_RECORDED INFORMATION:_
= = = =
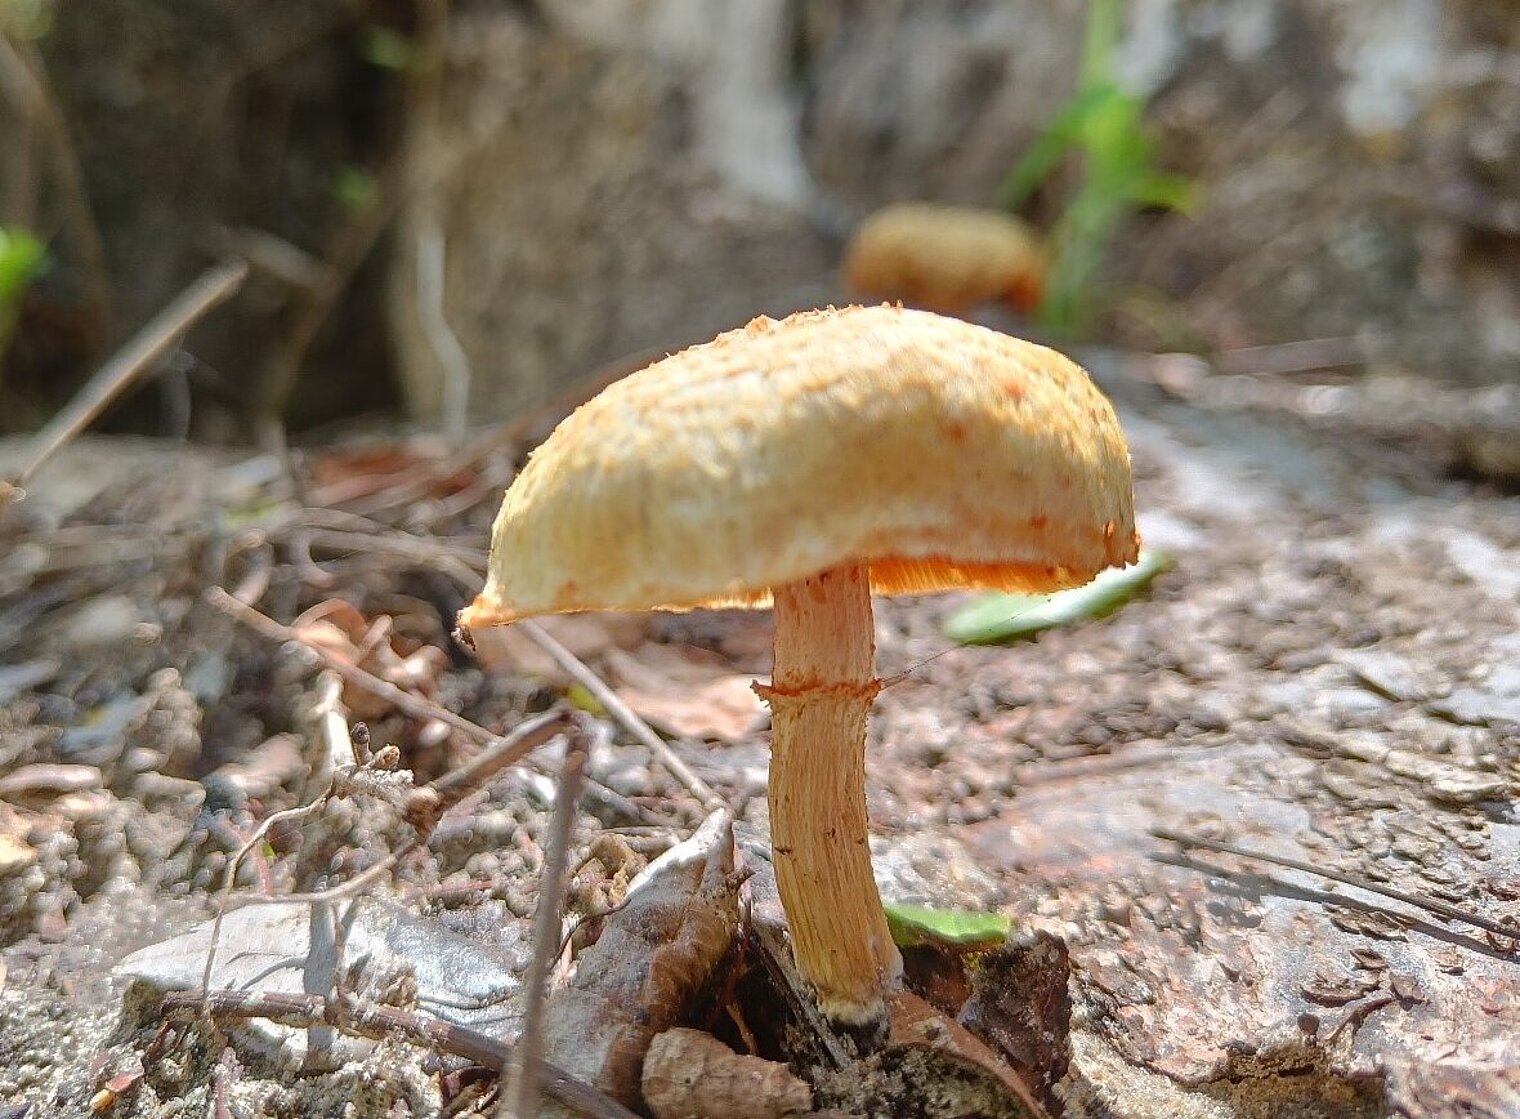 Fungus in the forest
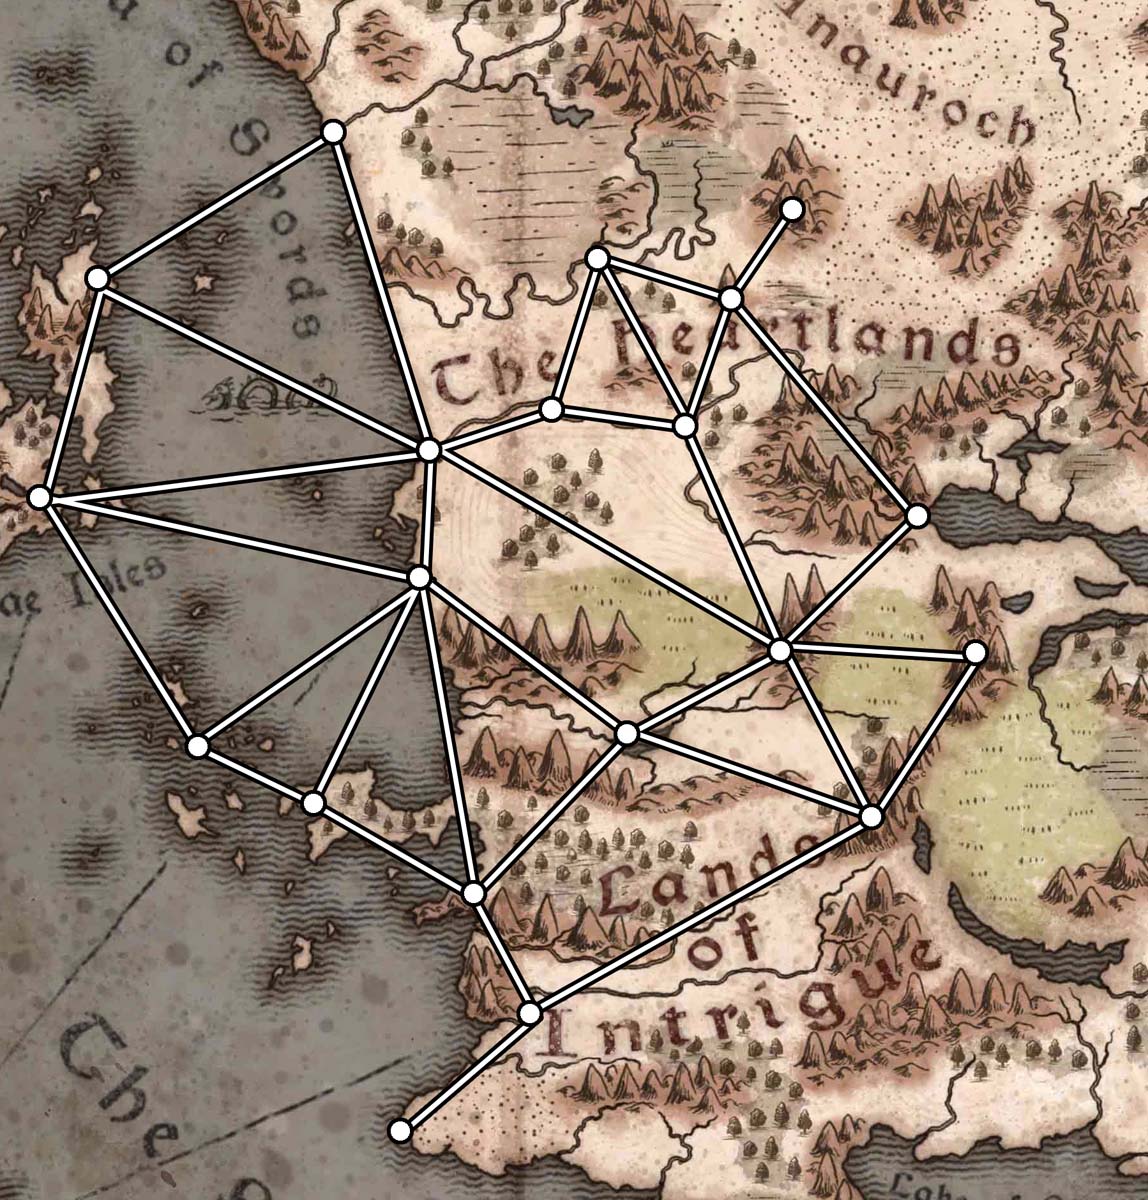 A continental map with white nodes scattered across various landmarks. Straight white lines connect the nodes.
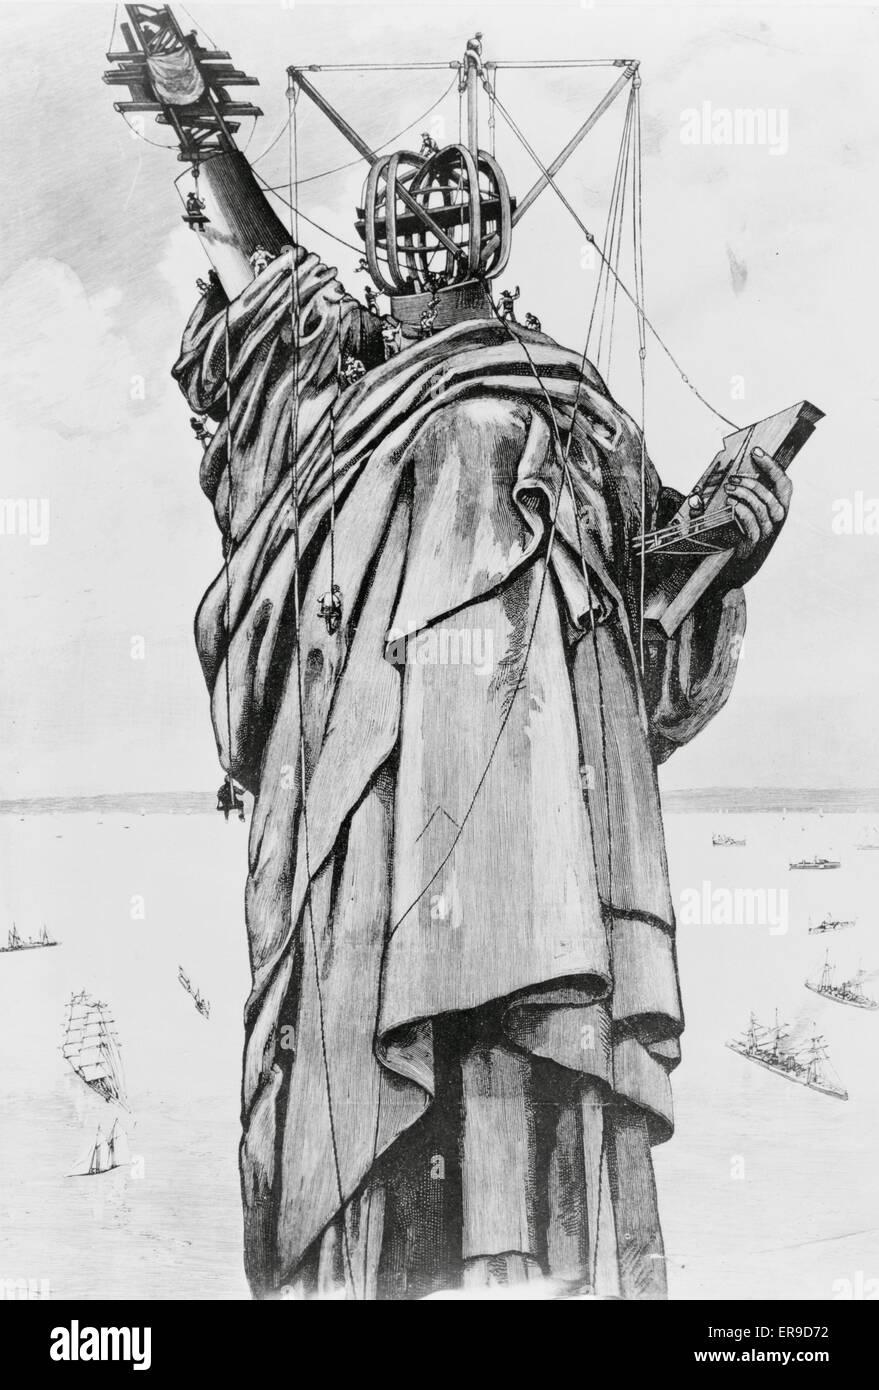 Construction of the Statue of Liberty: Re-constructing the s Stock Photo
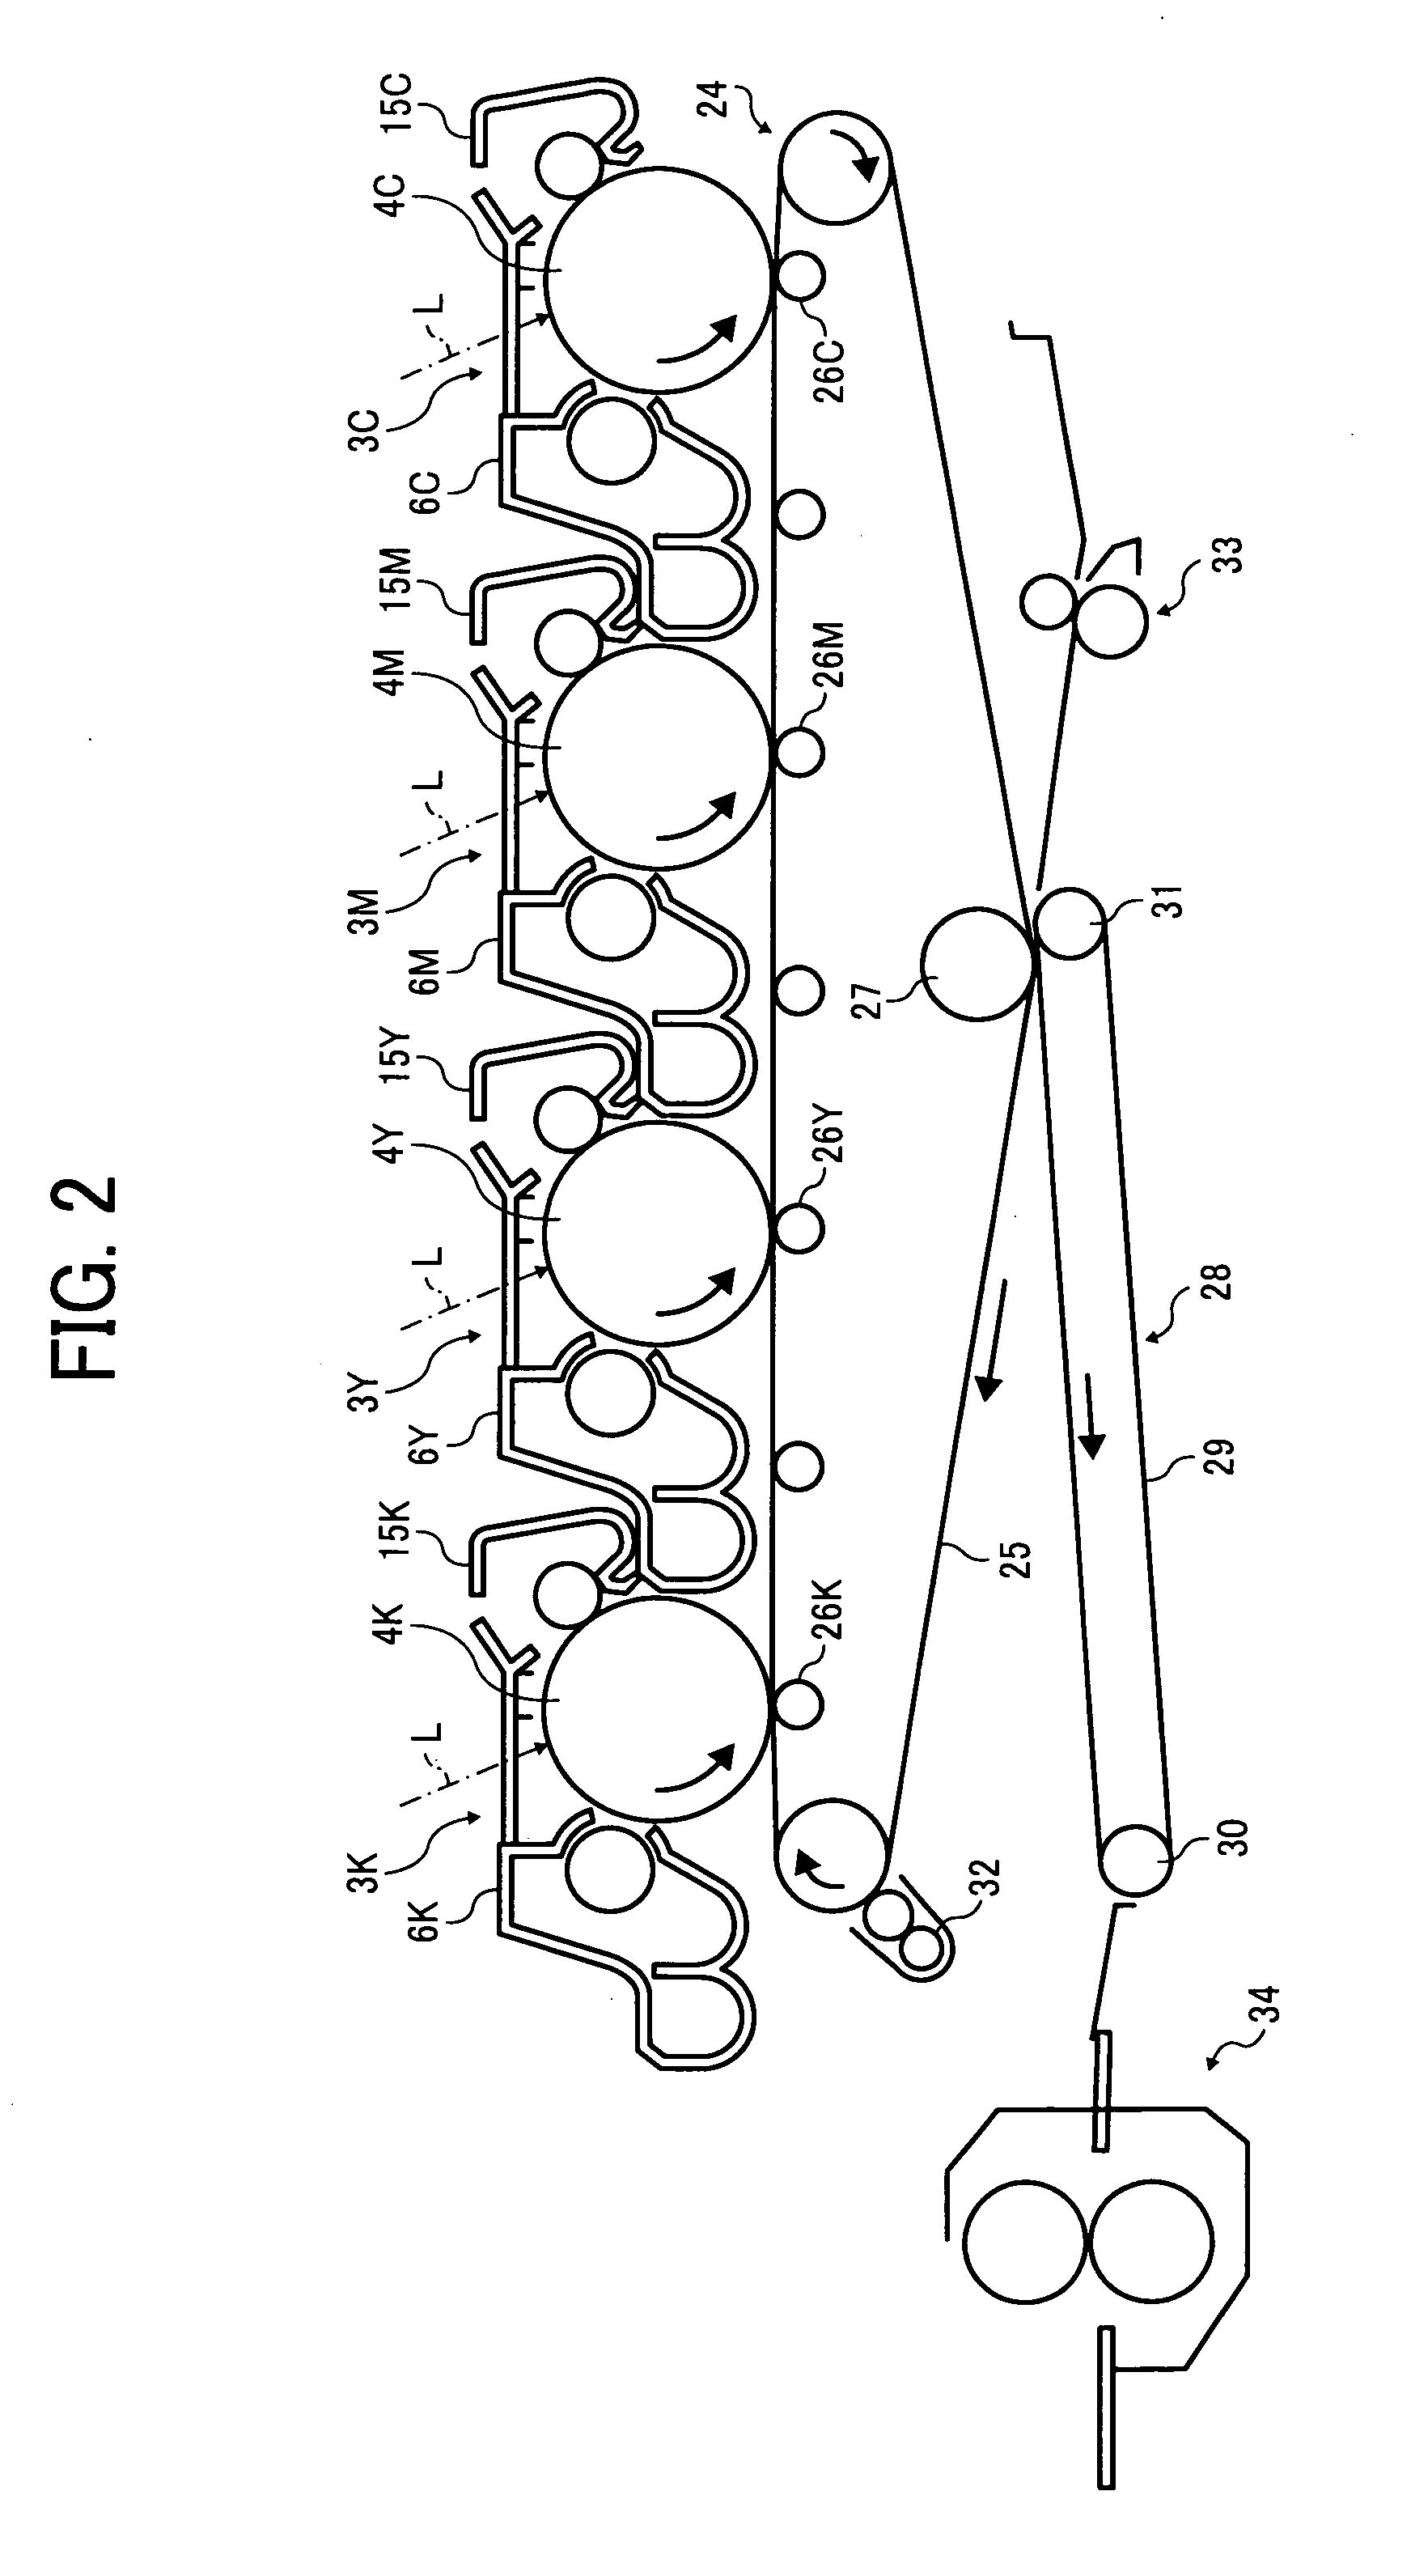 Deep focus image reading system and image forming apparatus
= = = =
_WHAT TO DO:_ Where a picture appears in the listing above, skip it and set down all the rest exactly.

_RESULT OF THIS TASK:_
 Fungus in the forest
 A continental map with white nodes scattered across various landmarks. Straight white lines connect the nodes.
 Construction of the Statue of Liberty: Re-constructing the s Stock Photo
 Deep focus image reading system and image forming apparatus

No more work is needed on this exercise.